2005 Pennsylvania 500
- The 2005 Pennsylvania 500 program cover, featuring Rusty Wallace and Mark Martin.
- Date: July 24, 2005
- Official name: 32nd Annual Pennsylvania 500
- Location: Long Pond, Pennsylvania, Pocono Raceway
- Course: Permanent racing facility
- Course length: 4.0 km (2.5 miles)
- Distance: 203 laps, 816.742 mi (816.742 km)
- Scheduled distance: 200 laps, 500 mi (804.672 km)
- Average speed: 125.283 miles per hour (201.623 km/h)
- Attendance: 100,000

Pole position
- Driver: Jamie McMurray; / Chip Ganassi Racing with Felix Sabates
- Time: 53.330

Most laps led
- Driver: Kurt Busch / Roush Racing
- Laps: 131

Winner
- No. 97: Kurt Busch / Roush Racing

Television in the United States
- Network: TNT
- Announcers: Bill Weber, Benny Parsons, Wally Dallenbach Jr.

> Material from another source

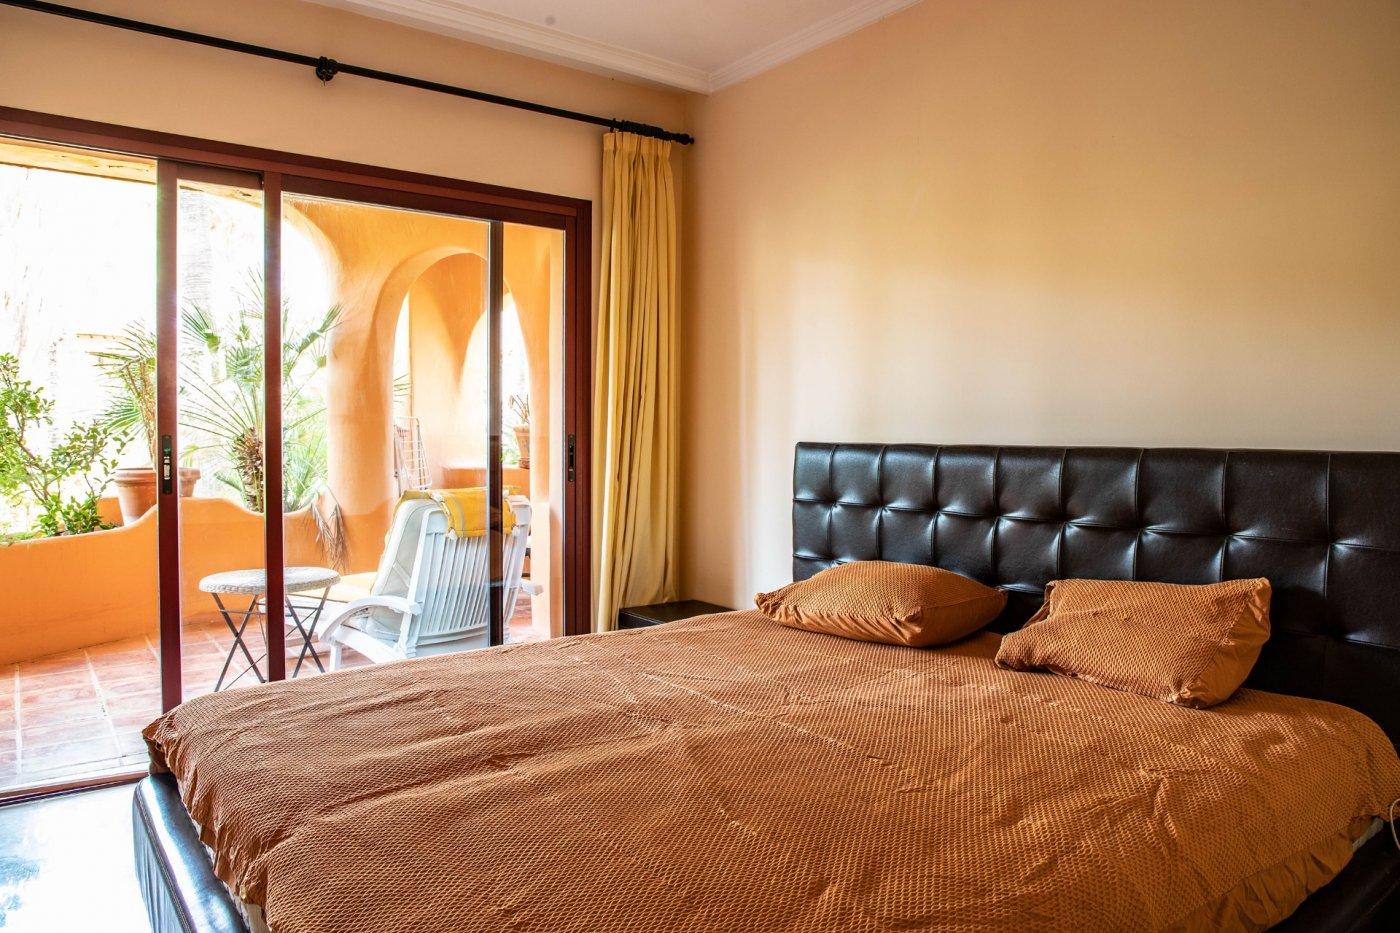 Precioso apartamento en santa ponsa - imagenInmueble28

Radio in the United States
- Radio: Motor Racing Network

= 2005 Pennsylvania 500 =

The 2005 Pennsylvania 500 was the 20th stock car racing race of the 2005 NASCAR Nextel Cup Series season and the 32nd iteration of the event. The race was held on Sunday, July 24, 2005, before a crowd of 100,000 in Long Pond, Pennsylvania, at Pocono Raceway, a 2.5 miles (4.0 km) triangular permanent course. The race was extended from 200 laps to 203 due to a green–white–checker finish caused by Michael Waltrip spinning with two to go. The race would end under caution, with Kurt Busch of Roush Racing pulling ahead of Rusty Wallace of Penske Racing when the caution came out due to Kasey Kahne hitting the wall on the final lap. The race would be Busch's 13th NASCAR Nextel Cup Series win of his career and his second of the season. To fill out the podium, Mark Martin of Roush Racing would finish third.

== Background ==

The layout of Pocono Raceway, the venue where the race was held.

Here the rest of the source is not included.